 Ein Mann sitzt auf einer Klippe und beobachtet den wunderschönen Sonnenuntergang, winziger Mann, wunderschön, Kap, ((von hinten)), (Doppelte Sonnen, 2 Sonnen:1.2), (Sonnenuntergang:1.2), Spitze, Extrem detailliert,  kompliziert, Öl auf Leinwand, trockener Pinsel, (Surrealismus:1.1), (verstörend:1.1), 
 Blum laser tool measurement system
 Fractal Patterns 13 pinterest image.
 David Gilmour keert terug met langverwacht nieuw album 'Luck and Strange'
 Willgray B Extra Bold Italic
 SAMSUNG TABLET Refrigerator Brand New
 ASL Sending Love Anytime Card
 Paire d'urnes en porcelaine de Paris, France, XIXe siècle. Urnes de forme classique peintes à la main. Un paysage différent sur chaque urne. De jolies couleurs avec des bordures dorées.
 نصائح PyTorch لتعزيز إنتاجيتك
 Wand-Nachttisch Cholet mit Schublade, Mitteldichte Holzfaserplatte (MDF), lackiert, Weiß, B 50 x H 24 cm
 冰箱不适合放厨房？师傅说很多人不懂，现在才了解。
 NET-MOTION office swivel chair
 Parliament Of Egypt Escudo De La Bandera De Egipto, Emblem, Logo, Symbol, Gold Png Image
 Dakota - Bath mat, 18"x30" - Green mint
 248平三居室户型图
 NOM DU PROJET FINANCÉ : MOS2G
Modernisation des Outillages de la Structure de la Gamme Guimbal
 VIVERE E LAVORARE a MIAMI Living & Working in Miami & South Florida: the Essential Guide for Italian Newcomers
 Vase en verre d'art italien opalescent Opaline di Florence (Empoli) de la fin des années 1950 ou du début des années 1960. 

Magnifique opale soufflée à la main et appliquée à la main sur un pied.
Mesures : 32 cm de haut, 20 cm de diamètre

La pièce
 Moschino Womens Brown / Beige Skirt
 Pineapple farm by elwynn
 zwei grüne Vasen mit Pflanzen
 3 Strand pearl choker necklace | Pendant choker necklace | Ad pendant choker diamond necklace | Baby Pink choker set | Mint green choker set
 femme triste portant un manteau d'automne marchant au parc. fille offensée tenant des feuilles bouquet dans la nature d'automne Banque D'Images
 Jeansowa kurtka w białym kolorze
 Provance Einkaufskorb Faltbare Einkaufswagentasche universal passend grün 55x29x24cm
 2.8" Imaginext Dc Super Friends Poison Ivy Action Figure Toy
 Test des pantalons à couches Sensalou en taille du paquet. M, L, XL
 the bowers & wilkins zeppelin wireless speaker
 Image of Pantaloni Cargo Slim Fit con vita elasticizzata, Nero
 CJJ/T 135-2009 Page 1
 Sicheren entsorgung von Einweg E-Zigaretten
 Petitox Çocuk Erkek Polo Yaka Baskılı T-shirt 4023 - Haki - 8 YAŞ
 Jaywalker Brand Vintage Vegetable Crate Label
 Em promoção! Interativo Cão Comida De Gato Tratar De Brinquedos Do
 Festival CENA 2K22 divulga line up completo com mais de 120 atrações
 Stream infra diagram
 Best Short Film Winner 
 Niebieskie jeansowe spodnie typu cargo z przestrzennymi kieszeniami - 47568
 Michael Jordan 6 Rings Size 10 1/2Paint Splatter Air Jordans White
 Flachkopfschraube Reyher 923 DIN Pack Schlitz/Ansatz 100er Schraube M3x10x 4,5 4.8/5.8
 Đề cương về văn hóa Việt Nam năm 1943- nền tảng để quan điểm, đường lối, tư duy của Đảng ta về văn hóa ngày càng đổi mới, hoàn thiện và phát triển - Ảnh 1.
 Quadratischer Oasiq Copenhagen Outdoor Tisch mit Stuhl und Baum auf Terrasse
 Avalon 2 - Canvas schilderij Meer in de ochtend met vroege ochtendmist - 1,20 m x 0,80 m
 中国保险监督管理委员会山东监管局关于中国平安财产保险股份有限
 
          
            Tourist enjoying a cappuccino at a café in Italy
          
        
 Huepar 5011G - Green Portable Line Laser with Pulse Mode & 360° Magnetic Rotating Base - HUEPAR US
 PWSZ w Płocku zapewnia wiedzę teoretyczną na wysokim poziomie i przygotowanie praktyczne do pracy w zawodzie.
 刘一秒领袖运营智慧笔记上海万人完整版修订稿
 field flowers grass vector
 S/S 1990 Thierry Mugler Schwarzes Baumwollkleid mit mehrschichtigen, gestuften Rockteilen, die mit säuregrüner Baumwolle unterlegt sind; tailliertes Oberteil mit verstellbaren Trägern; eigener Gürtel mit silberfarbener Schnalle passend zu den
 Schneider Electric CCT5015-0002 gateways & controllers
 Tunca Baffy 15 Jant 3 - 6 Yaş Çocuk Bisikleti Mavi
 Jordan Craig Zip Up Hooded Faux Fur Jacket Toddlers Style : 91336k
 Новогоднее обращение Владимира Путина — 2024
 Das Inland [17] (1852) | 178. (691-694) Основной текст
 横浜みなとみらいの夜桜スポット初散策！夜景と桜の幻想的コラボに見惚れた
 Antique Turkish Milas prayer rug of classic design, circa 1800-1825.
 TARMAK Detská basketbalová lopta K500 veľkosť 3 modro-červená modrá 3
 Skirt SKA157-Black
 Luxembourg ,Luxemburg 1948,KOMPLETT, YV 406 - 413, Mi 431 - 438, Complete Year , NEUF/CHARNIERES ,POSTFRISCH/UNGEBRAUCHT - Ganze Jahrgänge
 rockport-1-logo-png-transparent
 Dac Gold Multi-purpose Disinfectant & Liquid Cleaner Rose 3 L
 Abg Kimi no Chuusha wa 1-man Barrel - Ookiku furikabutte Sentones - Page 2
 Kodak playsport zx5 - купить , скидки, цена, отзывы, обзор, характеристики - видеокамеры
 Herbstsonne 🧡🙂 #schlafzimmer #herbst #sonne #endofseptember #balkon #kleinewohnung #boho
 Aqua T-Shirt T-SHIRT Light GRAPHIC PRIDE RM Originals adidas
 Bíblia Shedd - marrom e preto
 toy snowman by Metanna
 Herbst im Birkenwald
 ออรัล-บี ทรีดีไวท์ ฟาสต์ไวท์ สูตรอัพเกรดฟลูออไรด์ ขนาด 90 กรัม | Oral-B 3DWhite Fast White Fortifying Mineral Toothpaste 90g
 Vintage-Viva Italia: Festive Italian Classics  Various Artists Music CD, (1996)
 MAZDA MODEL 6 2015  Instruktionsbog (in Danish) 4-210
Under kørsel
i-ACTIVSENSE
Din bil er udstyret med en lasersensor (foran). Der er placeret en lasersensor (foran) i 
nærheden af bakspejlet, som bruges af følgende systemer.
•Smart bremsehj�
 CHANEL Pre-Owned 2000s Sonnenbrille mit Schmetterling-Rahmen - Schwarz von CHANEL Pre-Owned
────
For the listing above, print only the lines starting at the line containing "Skirt SKA157-Black" and ending at the line containing "Abg Kimi no", exactly, both included.

**Task answer:**
 Skirt SKA157-Black
 Luxembourg ,Luxemburg 1948,KOMPLETT, YV 406 - 413, Mi 431 - 438, Complete Year , NEUF/CHARNIERES ,POSTFRISCH/UNGEBRAUCHT - Ganze Jahrgänge
 rockport-1-logo-png-transparent
 Dac Gold Multi-purpose Disinfectant & Liquid Cleaner Rose 3 L
 Abg Kimi no Chuusha wa 1-man Barrel - Ookiku furikabutte Sentones - Page 2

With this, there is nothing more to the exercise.